9.77 Typed Factory Facility - delegate-based factories
In some simple cases it may feel like an overkill to create additional interface
when all you want is to resolve single component. For cases like this Windsor (version 2.5 or newer) lets you take dependency on a delegate
rather than interface
, and the delegate
will callback to the container to provide the instance for you when you invoke it.
Using factories
There's nothing magical with delegate
-based factories. You use them as regular delegates, while Windsor does all the heavy lifting.

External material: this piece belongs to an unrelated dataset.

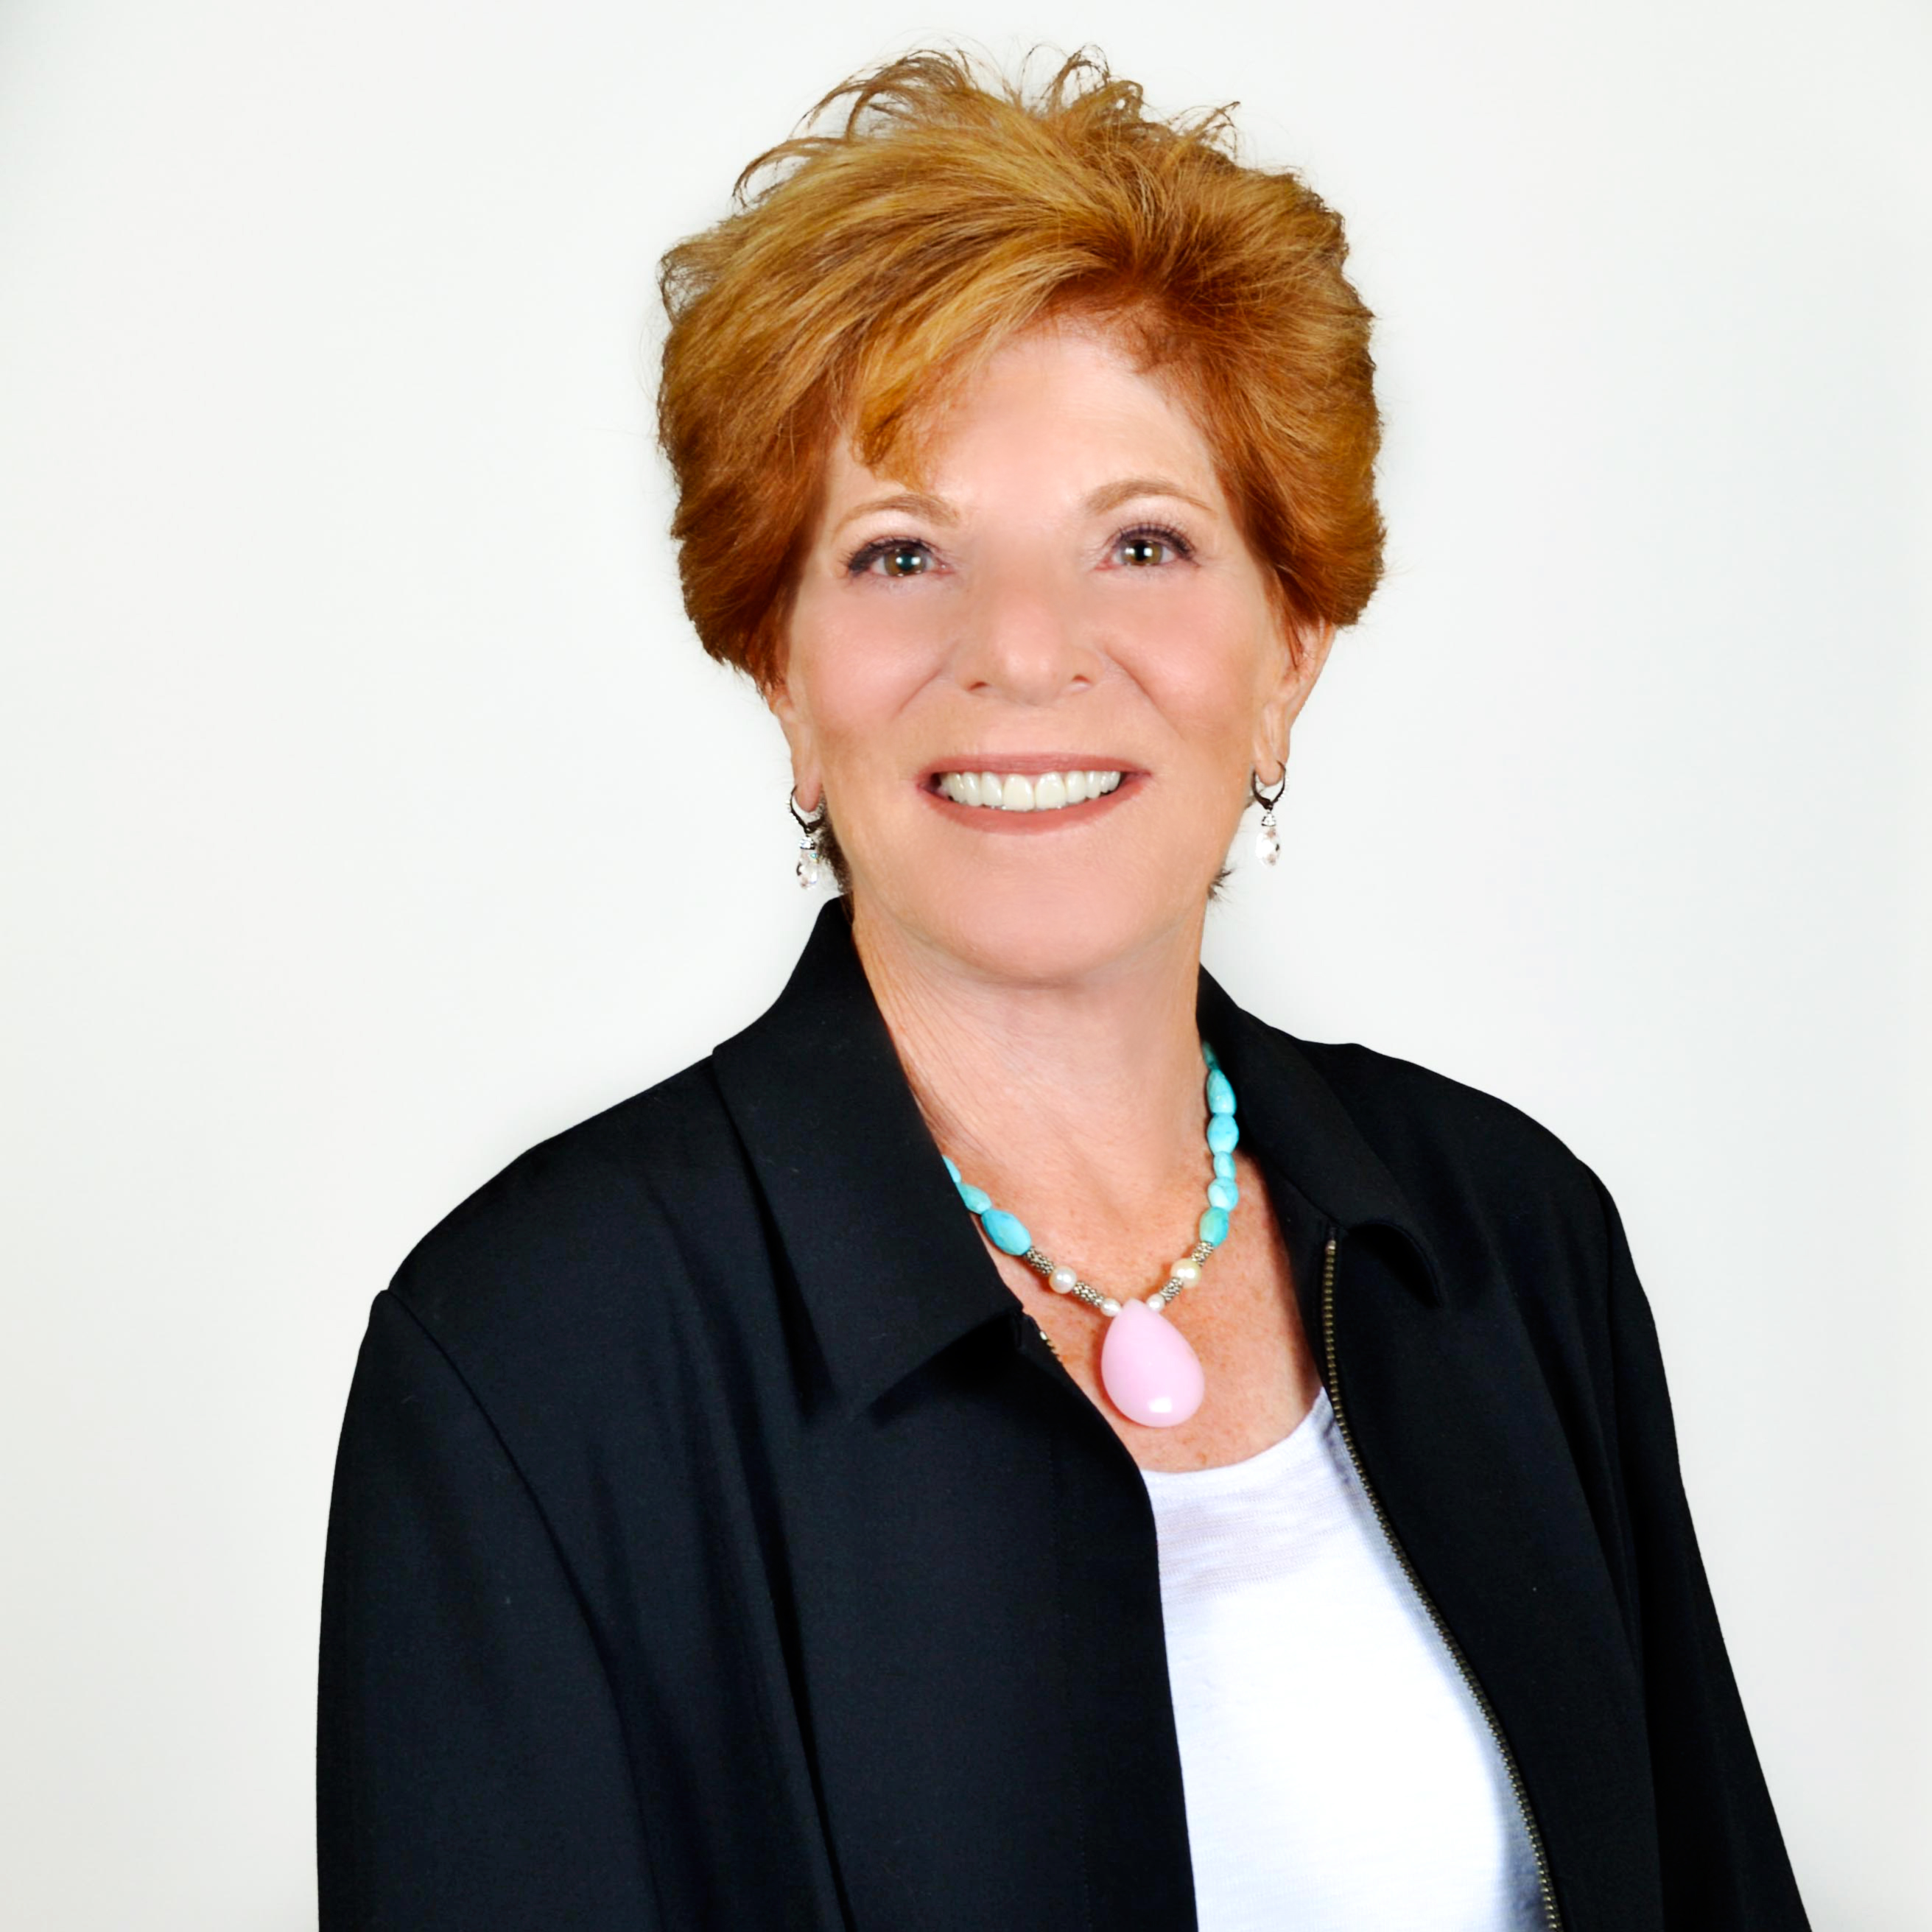 Susan Altbach

public class UsingDelegate
{
private Func<IFoo> factory;
public void UsingDelegate(Func<IFoo> fooFactory)
{
factory = fooFactory;
}
public void SomeOperation()
{
var foo = factory();
foo.Bar();
}
}
In this case creating a UsingDelegate
does not trigger creation of (potentially expensive to create - think NHibernate's SessionFactory
) IFoo
. IFoo
will only be created when call to SomeOperation
occurs, which may be a log time after UsingDelegate
was created.
Registering factories (implicitly)
The act of exposing delegate as dependency is enough to instruct the facility that it should provide a factory. This is called implicit registration. It can't be just any delegate though. Similar rules as with interface
-based factories apply:
- delegate must have a non-
void
return type. - delegate can't have out arguments
:information_source: Lifestyle: The factories registered that way will have transient lifestyle.

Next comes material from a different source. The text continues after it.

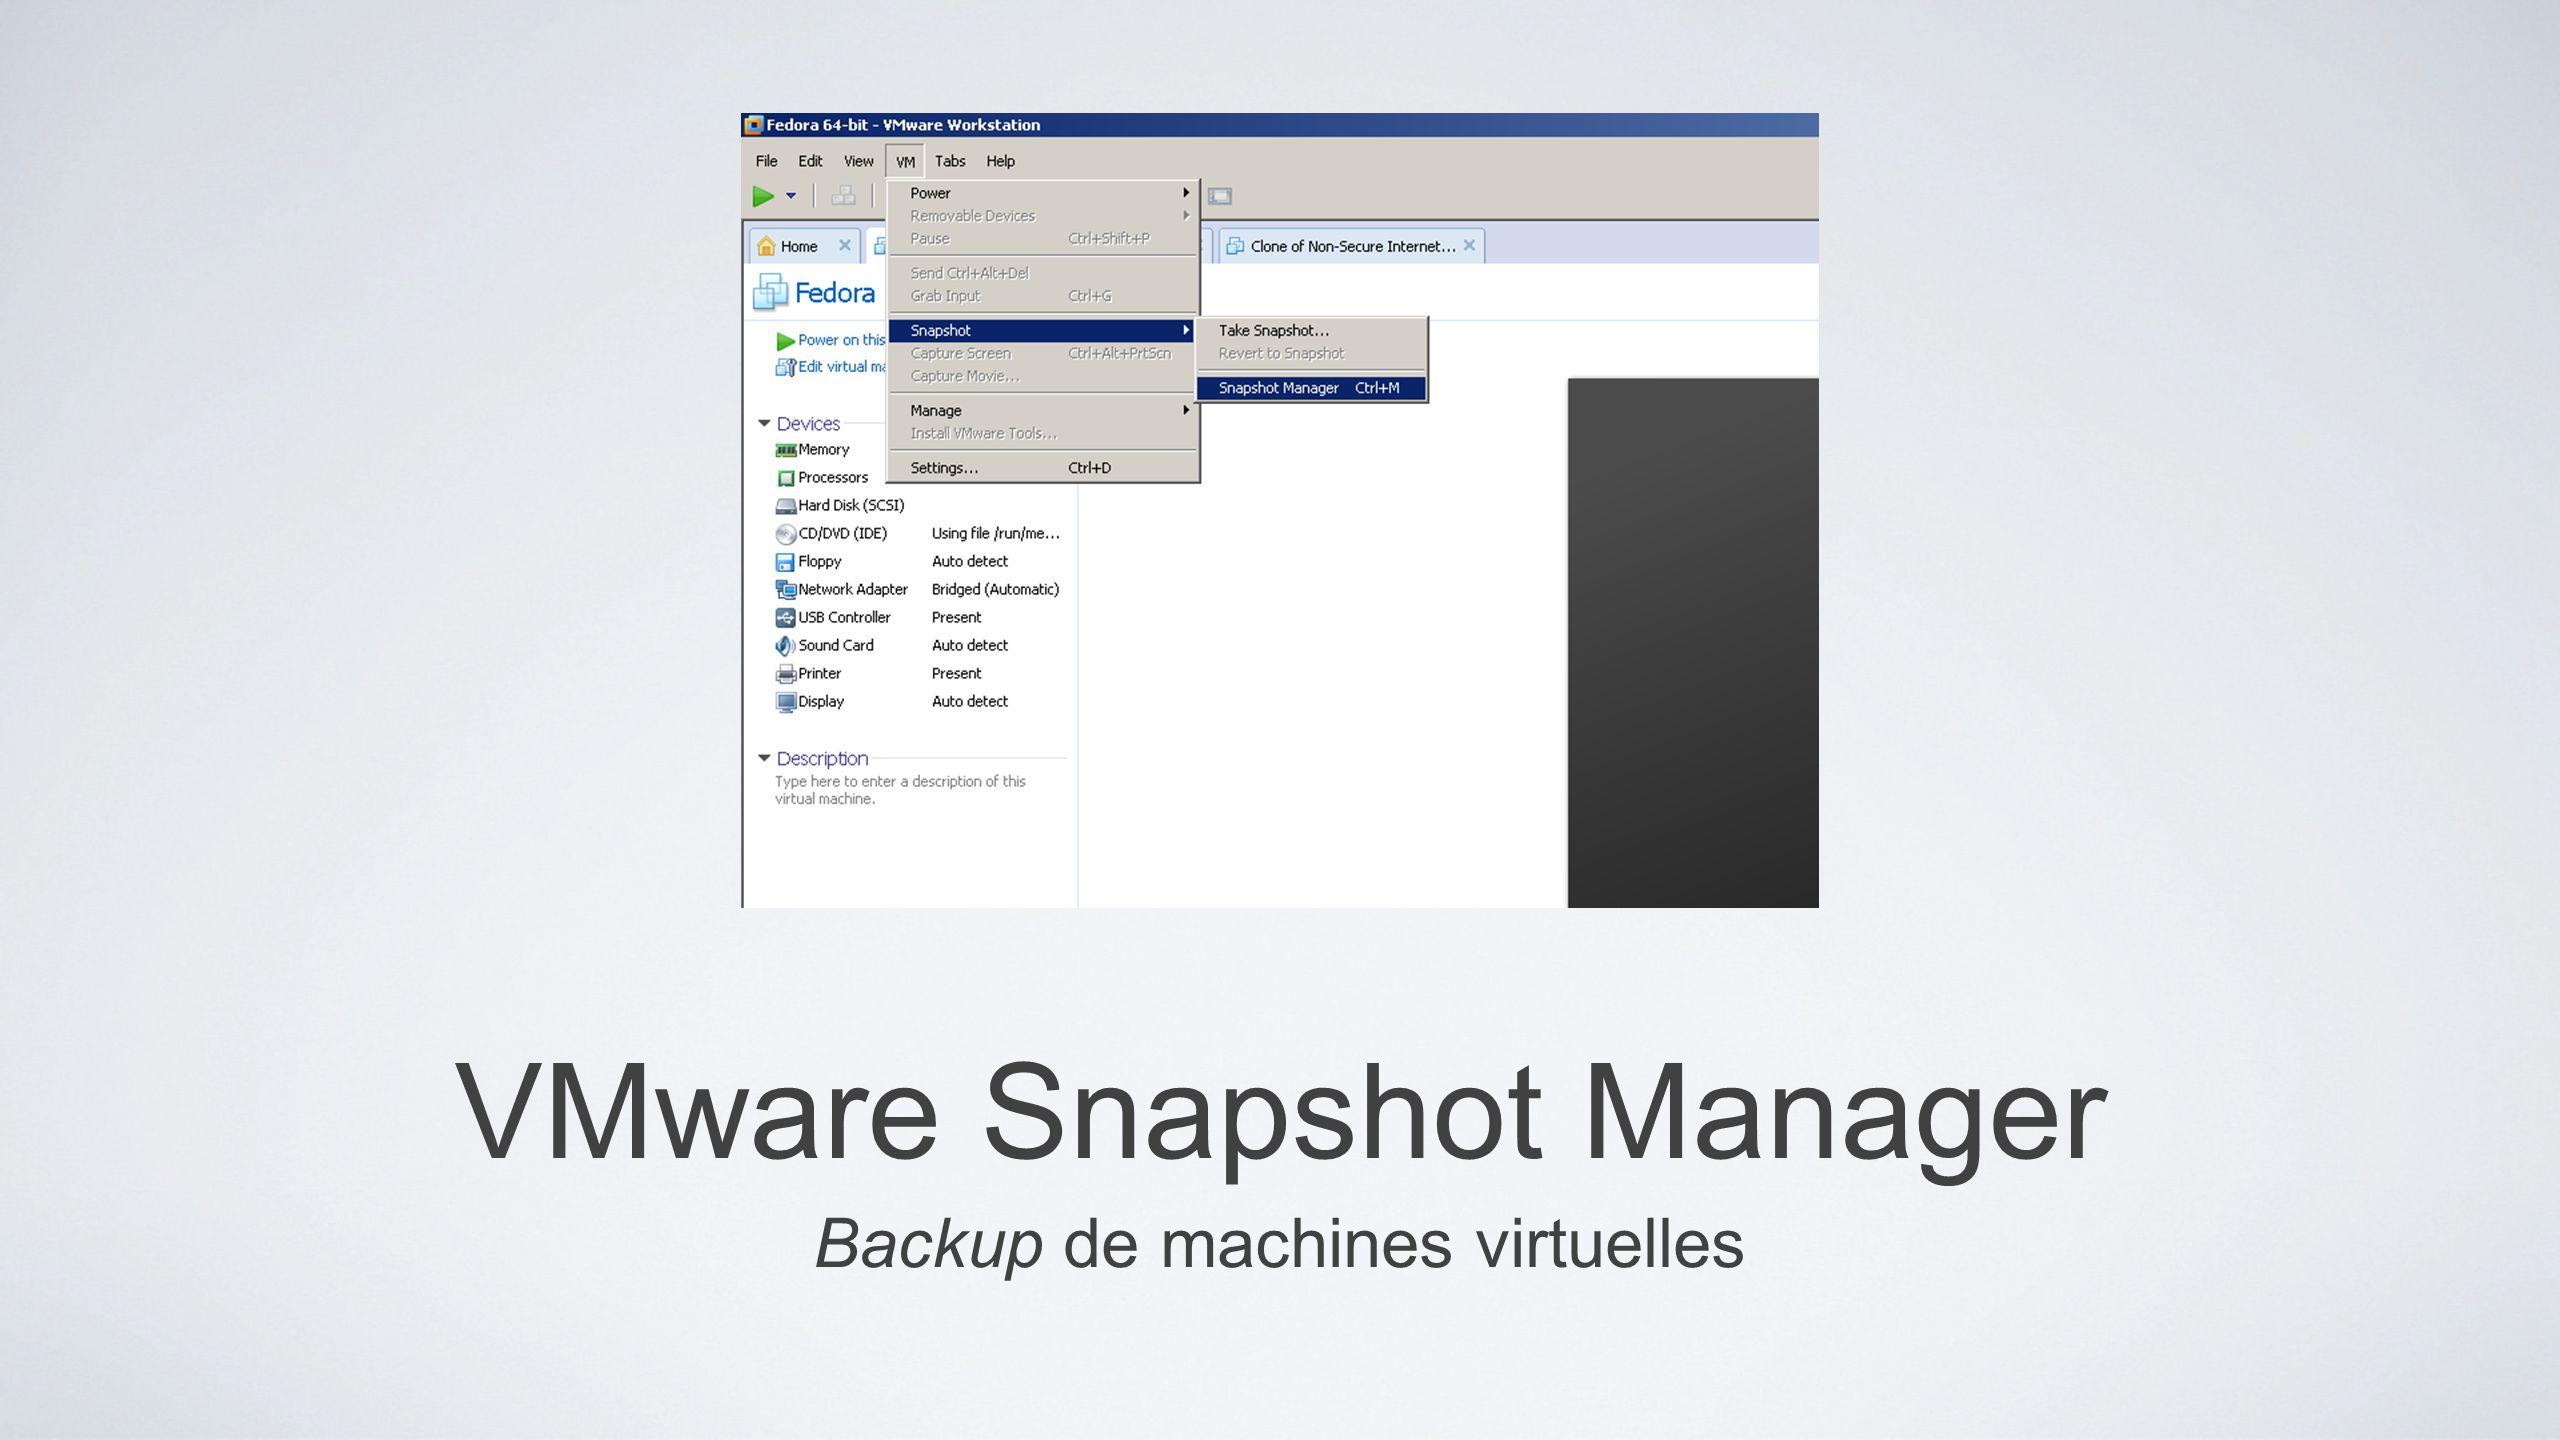 VMware Snapshot Manager

Registering factories explicitly
When you register the factory implicitly you give up the ability to configure the factory. If you need some non-default configuration, you can register, and configure the factory explicitly.
container.Register(
Component.For<Func<IFoo>>().AsFactory(c => c.SelectedWith("nonDefaultFactory"))
);
How dependencies are matched
Dependencies are matched a little differently for delegate
-based factories.
First by name
For delegate:
public delegate IFoo FooFactory(IBar bar);
If component registered for service IFoo
has dependency named bar
it will be satisfied with the value passed to the delegate.
Then by type
If instead the component has dependency named mySuperBar
for type IBar
, it won't find it on the FooFactory
delegate. It will then go and see if there's any dependency for type IBar
regardless of it's name, and if it finds one, it will use that instead.
:information_source: Duplicated dependency types are not allowed for Func<>
family of delegates: When using generic purpose delegate Func<>
(any of them) it is not possible to have delegate with duplicated argument types. Since their names are just meaningless arg1
, arg2
etc, it is not possible to discriminate between arguments in Func<IFoo, IFoo>
. In this case use dedicated delegate
type, or better yet - interface
-based factory.}
Releasing components resolved via factory
It is important to remember that if the Release Policy of your container tracks a component you resolve, the factory will hold a reference to the component as well. This is to let Windsor release the components you resolve via the factory, when the factory itself gets released.
:warning: NoTrackingReleasePolicy
will not release the factory: Since release policies that do not track components are not able to release them, it's important to use LifecycledComponentsReleasePolicy
(which is the default) when using delegate
-based factories to be able to properly release the components resolved via the factory.